Record set –
++++++++++

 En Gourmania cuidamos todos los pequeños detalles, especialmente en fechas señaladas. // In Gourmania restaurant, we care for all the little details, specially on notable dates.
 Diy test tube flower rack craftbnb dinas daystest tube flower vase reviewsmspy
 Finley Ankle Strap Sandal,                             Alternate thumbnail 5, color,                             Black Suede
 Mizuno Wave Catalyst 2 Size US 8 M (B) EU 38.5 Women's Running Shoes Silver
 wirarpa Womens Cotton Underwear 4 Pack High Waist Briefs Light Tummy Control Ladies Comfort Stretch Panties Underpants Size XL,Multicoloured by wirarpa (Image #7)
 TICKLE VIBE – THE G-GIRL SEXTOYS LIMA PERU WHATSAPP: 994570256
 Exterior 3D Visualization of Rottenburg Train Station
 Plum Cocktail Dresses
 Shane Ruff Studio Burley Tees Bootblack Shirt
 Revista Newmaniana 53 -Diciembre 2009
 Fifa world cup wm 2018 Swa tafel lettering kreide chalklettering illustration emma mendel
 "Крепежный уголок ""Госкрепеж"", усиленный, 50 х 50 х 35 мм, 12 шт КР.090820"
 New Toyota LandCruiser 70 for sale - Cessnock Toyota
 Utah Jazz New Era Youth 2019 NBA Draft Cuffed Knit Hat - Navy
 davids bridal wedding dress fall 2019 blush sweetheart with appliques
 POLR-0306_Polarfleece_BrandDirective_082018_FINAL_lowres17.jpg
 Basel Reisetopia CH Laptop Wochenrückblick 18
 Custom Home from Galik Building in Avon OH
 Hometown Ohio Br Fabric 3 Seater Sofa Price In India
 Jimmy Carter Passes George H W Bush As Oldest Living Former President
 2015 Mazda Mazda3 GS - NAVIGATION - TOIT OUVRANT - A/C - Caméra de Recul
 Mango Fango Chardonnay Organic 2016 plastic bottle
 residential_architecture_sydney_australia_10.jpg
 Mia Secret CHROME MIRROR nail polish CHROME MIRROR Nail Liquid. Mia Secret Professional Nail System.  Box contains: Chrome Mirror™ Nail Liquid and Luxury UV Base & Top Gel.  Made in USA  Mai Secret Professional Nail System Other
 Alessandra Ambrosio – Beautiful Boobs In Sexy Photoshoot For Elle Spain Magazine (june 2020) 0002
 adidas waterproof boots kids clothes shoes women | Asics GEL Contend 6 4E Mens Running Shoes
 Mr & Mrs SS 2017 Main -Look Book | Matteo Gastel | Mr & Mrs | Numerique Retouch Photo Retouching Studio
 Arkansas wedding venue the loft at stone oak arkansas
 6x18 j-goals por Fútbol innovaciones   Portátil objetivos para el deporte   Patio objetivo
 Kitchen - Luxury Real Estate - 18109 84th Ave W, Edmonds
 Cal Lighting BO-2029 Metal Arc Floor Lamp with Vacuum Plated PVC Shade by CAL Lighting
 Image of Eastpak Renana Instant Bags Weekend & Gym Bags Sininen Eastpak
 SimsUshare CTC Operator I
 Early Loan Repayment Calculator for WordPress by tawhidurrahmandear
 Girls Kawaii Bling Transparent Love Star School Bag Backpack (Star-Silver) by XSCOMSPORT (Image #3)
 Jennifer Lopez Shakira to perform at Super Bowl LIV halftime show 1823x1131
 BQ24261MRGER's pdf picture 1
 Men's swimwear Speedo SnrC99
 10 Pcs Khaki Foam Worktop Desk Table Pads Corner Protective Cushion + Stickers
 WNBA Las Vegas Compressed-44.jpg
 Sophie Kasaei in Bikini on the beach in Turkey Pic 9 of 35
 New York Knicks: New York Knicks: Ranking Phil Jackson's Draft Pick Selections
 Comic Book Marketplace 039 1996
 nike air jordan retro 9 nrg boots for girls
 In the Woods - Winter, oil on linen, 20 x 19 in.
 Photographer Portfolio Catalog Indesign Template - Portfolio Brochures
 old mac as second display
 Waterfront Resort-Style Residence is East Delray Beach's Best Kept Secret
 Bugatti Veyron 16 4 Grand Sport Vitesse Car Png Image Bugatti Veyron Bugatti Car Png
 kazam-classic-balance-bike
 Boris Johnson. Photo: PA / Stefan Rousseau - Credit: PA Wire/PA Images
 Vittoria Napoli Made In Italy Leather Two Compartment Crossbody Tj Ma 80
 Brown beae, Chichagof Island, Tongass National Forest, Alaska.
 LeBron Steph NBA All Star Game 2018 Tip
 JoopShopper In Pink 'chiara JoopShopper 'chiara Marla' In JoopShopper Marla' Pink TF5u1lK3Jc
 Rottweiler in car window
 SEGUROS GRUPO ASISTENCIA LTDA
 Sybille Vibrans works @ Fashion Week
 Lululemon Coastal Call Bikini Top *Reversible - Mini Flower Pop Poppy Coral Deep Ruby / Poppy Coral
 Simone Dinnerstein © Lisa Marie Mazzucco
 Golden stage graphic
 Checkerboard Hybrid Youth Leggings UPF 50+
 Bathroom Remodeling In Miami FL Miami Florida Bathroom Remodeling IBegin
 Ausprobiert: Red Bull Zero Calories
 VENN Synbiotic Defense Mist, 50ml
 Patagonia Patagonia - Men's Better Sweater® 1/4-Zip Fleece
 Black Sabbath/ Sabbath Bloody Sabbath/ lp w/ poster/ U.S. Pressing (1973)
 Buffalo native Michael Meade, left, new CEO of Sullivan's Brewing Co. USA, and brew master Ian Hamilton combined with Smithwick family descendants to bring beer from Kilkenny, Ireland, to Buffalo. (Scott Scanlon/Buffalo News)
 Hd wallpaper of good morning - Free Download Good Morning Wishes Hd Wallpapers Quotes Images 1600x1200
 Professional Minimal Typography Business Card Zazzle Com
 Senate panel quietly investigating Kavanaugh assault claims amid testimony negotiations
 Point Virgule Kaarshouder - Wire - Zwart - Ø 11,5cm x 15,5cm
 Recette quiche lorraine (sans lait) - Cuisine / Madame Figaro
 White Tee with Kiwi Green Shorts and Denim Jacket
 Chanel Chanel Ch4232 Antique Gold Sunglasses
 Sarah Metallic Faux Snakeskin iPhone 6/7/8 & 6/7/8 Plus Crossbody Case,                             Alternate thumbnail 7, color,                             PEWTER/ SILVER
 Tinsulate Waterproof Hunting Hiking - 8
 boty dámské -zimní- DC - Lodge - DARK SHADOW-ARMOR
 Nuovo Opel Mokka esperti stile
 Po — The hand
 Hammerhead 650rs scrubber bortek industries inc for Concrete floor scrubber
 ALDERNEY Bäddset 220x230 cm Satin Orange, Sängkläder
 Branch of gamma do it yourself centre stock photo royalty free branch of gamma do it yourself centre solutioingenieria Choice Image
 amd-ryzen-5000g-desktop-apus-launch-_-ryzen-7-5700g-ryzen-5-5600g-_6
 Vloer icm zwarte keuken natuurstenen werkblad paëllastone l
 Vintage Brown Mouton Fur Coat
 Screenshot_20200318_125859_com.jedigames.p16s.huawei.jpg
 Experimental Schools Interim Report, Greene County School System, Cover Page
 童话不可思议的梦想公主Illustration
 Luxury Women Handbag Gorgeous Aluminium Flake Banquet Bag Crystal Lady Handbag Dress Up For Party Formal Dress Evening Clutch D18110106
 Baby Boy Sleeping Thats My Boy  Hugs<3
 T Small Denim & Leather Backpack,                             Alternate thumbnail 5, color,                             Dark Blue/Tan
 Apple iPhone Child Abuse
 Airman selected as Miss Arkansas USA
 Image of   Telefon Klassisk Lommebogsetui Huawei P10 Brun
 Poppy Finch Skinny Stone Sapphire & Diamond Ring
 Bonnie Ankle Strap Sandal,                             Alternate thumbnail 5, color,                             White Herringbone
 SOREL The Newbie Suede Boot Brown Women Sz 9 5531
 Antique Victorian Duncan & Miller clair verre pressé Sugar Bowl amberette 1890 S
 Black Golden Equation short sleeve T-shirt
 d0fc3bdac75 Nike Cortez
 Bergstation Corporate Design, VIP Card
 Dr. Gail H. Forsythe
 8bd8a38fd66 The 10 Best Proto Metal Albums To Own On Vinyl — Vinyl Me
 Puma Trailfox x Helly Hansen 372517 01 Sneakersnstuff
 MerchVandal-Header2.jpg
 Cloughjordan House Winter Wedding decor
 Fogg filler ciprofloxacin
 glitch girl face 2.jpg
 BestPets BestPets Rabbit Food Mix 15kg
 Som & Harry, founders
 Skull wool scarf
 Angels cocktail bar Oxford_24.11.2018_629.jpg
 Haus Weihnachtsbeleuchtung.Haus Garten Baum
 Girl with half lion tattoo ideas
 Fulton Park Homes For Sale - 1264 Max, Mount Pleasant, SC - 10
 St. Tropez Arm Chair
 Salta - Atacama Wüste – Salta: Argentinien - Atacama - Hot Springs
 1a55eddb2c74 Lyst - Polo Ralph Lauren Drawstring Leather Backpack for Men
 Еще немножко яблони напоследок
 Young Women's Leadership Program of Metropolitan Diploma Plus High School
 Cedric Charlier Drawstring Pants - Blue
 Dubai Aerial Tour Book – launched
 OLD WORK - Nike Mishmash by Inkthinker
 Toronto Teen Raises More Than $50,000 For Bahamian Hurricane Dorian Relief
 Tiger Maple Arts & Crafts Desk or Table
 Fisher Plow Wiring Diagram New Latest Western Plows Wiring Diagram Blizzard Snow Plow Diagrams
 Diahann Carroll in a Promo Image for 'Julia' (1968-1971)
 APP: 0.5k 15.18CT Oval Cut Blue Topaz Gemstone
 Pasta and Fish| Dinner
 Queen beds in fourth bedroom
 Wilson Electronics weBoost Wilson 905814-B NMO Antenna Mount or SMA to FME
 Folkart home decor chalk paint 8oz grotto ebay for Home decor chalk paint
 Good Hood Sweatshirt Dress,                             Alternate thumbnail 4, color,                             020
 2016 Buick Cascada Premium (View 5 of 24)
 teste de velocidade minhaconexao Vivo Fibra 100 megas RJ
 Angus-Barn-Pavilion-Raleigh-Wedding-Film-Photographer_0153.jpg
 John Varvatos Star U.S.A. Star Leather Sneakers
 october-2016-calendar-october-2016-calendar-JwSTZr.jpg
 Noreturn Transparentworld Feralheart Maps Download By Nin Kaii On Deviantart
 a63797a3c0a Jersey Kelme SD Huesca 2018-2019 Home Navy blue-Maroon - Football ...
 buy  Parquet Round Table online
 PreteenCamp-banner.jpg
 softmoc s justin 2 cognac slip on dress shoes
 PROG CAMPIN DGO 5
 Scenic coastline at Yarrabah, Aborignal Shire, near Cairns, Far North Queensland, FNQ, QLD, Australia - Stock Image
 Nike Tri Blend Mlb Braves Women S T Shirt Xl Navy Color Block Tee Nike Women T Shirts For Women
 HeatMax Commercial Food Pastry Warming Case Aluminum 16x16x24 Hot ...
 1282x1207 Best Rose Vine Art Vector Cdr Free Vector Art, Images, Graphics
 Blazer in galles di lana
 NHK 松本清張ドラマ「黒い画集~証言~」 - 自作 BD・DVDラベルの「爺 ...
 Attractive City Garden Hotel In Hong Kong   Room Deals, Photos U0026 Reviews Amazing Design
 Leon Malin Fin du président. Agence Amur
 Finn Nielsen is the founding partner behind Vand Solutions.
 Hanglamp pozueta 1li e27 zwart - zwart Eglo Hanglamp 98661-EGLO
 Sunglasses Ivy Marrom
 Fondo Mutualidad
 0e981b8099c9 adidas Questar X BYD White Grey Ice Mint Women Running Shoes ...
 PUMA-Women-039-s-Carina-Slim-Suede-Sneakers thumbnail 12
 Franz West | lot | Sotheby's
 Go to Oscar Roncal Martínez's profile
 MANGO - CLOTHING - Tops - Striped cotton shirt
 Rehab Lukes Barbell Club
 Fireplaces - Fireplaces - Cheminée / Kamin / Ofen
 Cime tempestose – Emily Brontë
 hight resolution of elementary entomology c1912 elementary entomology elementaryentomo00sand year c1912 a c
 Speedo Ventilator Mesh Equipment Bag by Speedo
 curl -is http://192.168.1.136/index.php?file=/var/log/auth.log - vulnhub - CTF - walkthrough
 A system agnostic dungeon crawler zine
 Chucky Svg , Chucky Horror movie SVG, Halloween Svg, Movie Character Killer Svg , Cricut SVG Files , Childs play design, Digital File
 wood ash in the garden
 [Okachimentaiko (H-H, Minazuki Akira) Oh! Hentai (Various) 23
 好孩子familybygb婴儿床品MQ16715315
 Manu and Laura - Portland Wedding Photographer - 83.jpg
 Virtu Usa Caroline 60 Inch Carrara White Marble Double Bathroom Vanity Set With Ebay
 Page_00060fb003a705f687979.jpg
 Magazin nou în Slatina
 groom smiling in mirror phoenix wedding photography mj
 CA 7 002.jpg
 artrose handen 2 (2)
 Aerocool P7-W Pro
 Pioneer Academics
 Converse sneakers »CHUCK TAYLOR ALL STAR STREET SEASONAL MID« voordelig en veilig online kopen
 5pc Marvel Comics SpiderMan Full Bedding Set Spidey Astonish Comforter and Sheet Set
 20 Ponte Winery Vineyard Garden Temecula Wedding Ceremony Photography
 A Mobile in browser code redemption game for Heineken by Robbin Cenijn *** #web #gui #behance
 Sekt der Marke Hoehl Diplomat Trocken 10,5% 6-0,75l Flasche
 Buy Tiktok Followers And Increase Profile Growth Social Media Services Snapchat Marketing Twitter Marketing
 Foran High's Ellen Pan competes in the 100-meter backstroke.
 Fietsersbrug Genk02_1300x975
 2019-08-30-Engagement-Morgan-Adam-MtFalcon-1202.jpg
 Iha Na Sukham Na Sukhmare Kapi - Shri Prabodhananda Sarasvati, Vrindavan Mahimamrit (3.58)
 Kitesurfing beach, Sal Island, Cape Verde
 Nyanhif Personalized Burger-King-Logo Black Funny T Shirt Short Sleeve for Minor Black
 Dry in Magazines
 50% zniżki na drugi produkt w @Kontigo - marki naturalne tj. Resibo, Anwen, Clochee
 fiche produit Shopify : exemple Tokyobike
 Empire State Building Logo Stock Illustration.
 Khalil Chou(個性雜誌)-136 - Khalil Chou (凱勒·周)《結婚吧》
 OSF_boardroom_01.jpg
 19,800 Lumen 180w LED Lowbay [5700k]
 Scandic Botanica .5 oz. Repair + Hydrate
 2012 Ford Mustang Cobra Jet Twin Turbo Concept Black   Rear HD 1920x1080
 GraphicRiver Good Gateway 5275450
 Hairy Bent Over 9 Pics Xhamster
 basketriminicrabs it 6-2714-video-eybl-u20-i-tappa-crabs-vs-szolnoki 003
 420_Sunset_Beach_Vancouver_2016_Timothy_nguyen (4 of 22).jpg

++++++++++

Problem description –
When a line above contains the string "Island", copy that line.

Written solution –
 Brown beae, Chichagof Island, Tongass National Forest, Alaska.
 Kitesurfing beach, Sal Island, Cape Verde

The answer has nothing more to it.